A green-winged teal shot by a hunter in northern Washington state has tested positive for a strain H5N1 bird flu — but it's only a distant relative of the virus that's infected nearly 700 people globally and killed 400 of them.
It's the first case of highly pathogenic H5N1 avian influenza ever seen in the U.S. The good news is that the strain is genetically different from the strain that's circulated in China, across Asia and most recently in Egypt. It doesn't appear to have infected any people or even domestic poultry.
But it shows that wild migrating birds can carry dangerous viruses to the U.S., says Hon Ip, an expert on wildlife pathogens at the U.S. Geological Survey in Madison, Wisconsin.
"Unlike the Asian H5N1 strain that has been found in Asia, Europe, and Africa, this Washington state strain has only been found in wild waterfowl and has not been associated with human illness, nor has this new Washington state strain been found in domestic poultry," USGS said in a statement.

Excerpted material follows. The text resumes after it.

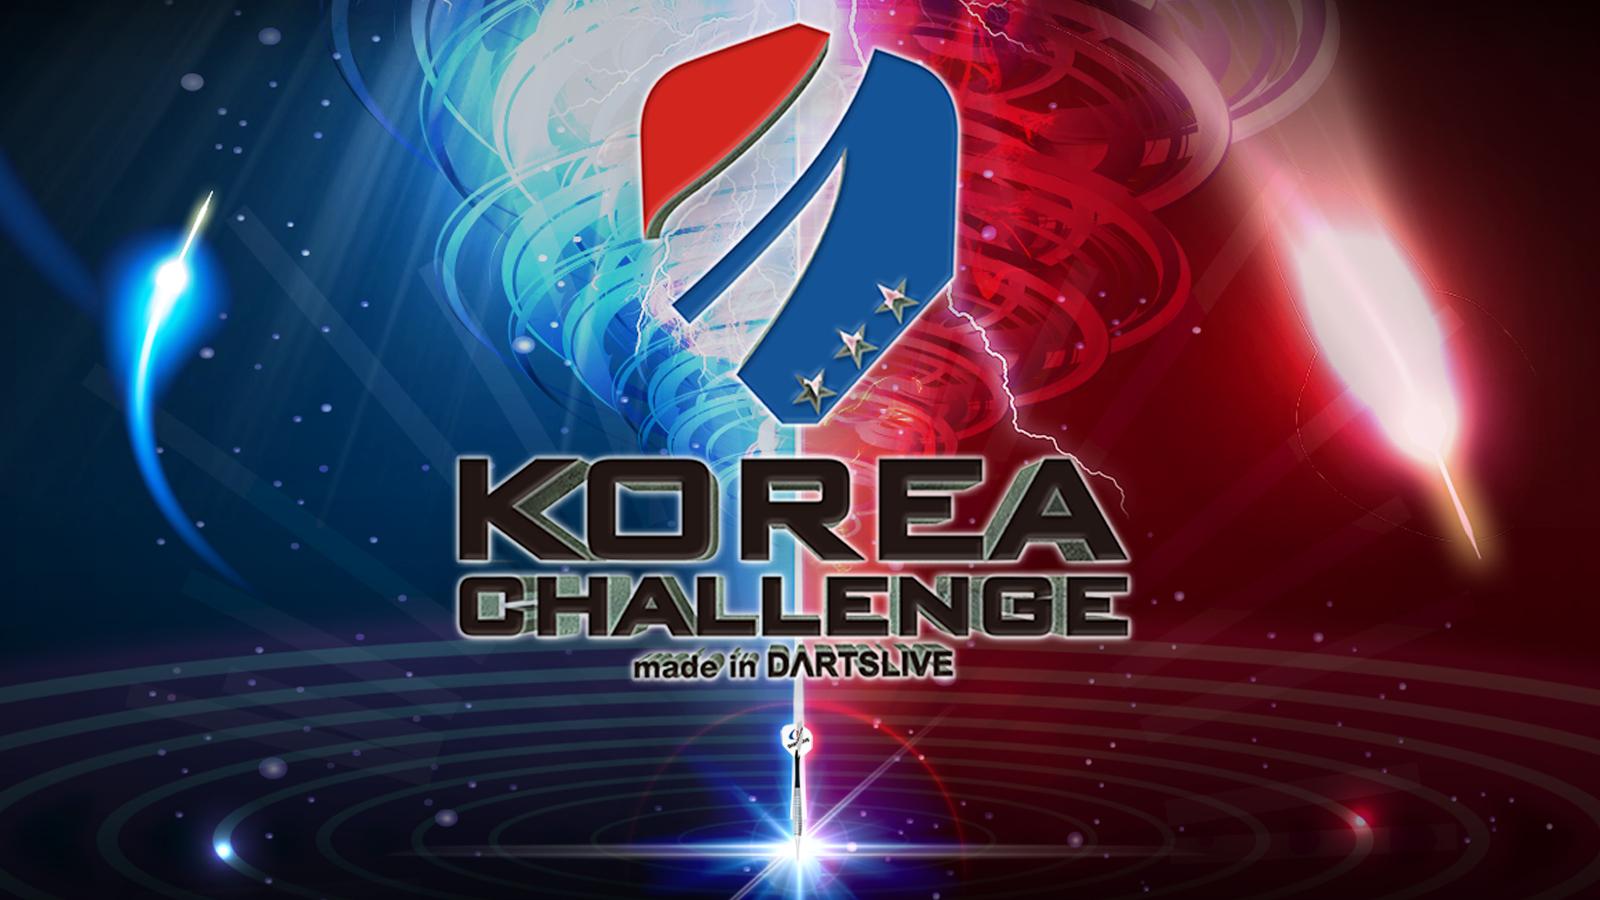 KOREA_CHALLENGE_web_banner.jpg

The U.S. Department of Agriculture will need to keep a close eye out for other birds with H5N1, Ip said.
"USDA and the Department of the Interior are going to have to spend time to understand the implication of this introduction," Ip told NBC News. "At the moment, we do not know of a single human case with our H5."
Flu is a mutation-prone virus and there are hundreds of strains. Even with precise-sounding names such as H5N1, there can be a large degree of genetic variation. Scientists are watching for mutations and other genetic changes that can make a virus strain more likely to infect people and poultry.
The H5N1 that most people are worried about has killed or forced the destruction of hundreds of millions of chickens around the world. It occasionally infects people and the fear is it will mutate into a form that makes it pass easily from person to person. That would spark a pandemic that could kill millions.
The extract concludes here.